This Amendment No. 3 is intended to satisfy the reporting requirements of Section 13(e) of the Securities Exchange Act of 1934, as amended. The information in the offer, a copy of which was previously filed with the Schedule TO as Exhibits (a)(1)(i) and (a)(1)(ii) thereto, is incorporated herein by reference.
ITEM 12.
Item 12 is hereby amended and supplemented by adding the following:
"Exhibit (a)(1)(xxiv) Reminder Communication and Notice to Certain Eligible MMC Option Holders, to be delivered on or around June 29, 2005"
SIGNATURE
After due inquiry and to the best of my knowledge and belief, I certify that the information set forth in this statement is true, complete and correct.
| Dated: June 29, 2005 | MARSH & MCLENNAN COMPANIES, INC. | |
| By: | /s/ Bart Schwartz | |
|
| ||
| Name: Bart Schwartz | ||
| Title: Vice President and Deputy General Counsel | ||
Exhibit (a)(1)(xxiv)
June 29, 2005
Subject: Last Days for MMC Stock Option Exchange
A Message from Michael A Petrullo, Senior Vice President and Chief Administrative Officer, Marsh & McLennan Companies, Inc.
The MMC Stock Option Exchange program will close at 5 p.m. U.S. Eastern time on Thursday, June 30, 2005. In order to participate in this limited time exchange program, you must submit your election by that deadline.
Our records indicate that you have not made an election under the program. If you do not intend to participate in this program, please ignore this e-mail.
Action required to complete exchange
If you wish to participate in the MMC Stock Option Exchange program, you should visit the Stock Option Exchange section of MMC PeopleLink at www.mmcpeoplelink.com, or www.mmcpeoplelink.ca in Canada, and complete your election.

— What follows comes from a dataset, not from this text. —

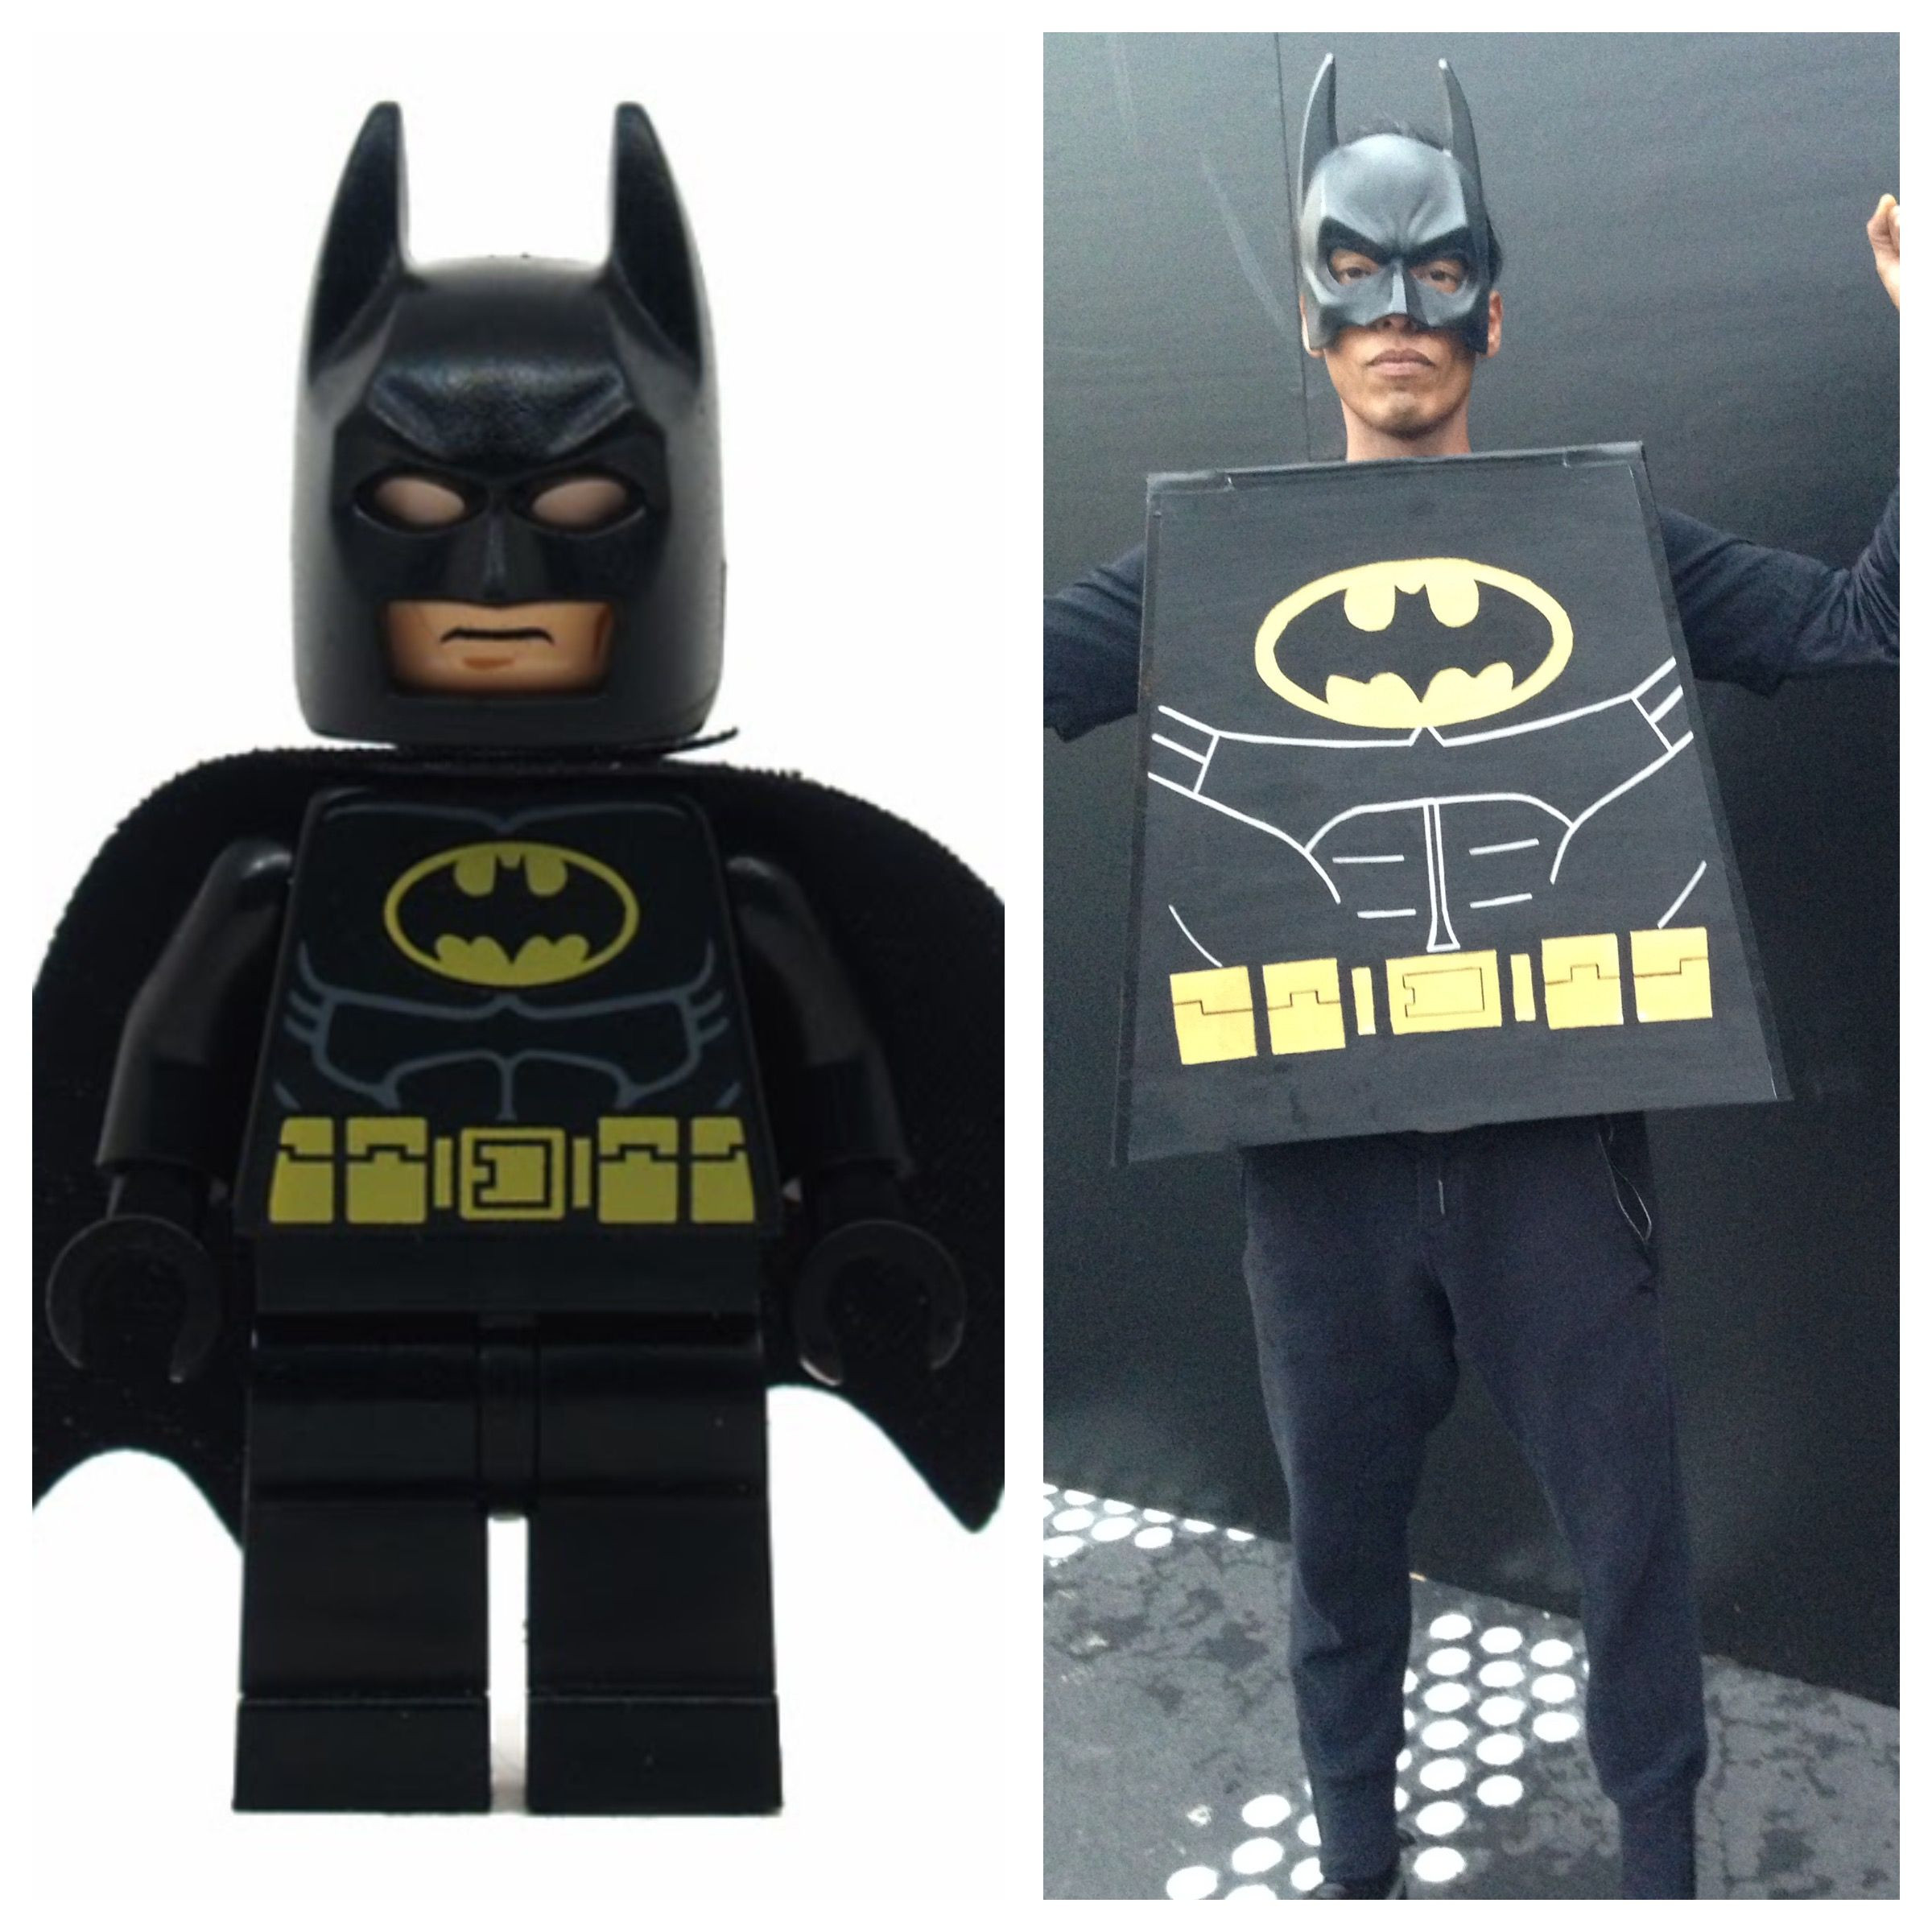 Batman DIY Costume
 Lego Batman Costume DIY With images

Using the information on the link, you can learn about the exchange process, the general tax implications of the exchange, and how to elect to exchange the options. You'll also find questions to frequently asked questions. If you have not already done so, we encourage you to read this information carefully before deciding whether or not to participate.
If you attempted to make an election previously, you may not have fully completed the election process (i.e., you may not have clicked the final Save button, which is why we have no record of your election). If you wish to complete your election, you should visit the Stock Option Exchange section of MMC PeopleLink at www.mmcpeoplelink.com, or www.mmcpeoplelink.ca in Canada, enter your election, and click the Save button.
If your work country requires you to fax signed documentation associated with the exchange to MMC Compensation (those countries requiring signed documentation are specified on MMC PeopleLink) and are experiencing difficulty in faxing this documentation, you may use any of the following fax numbers: 212-345-4767, 212-345-3719, 212-345-6139 or 212-948-5662.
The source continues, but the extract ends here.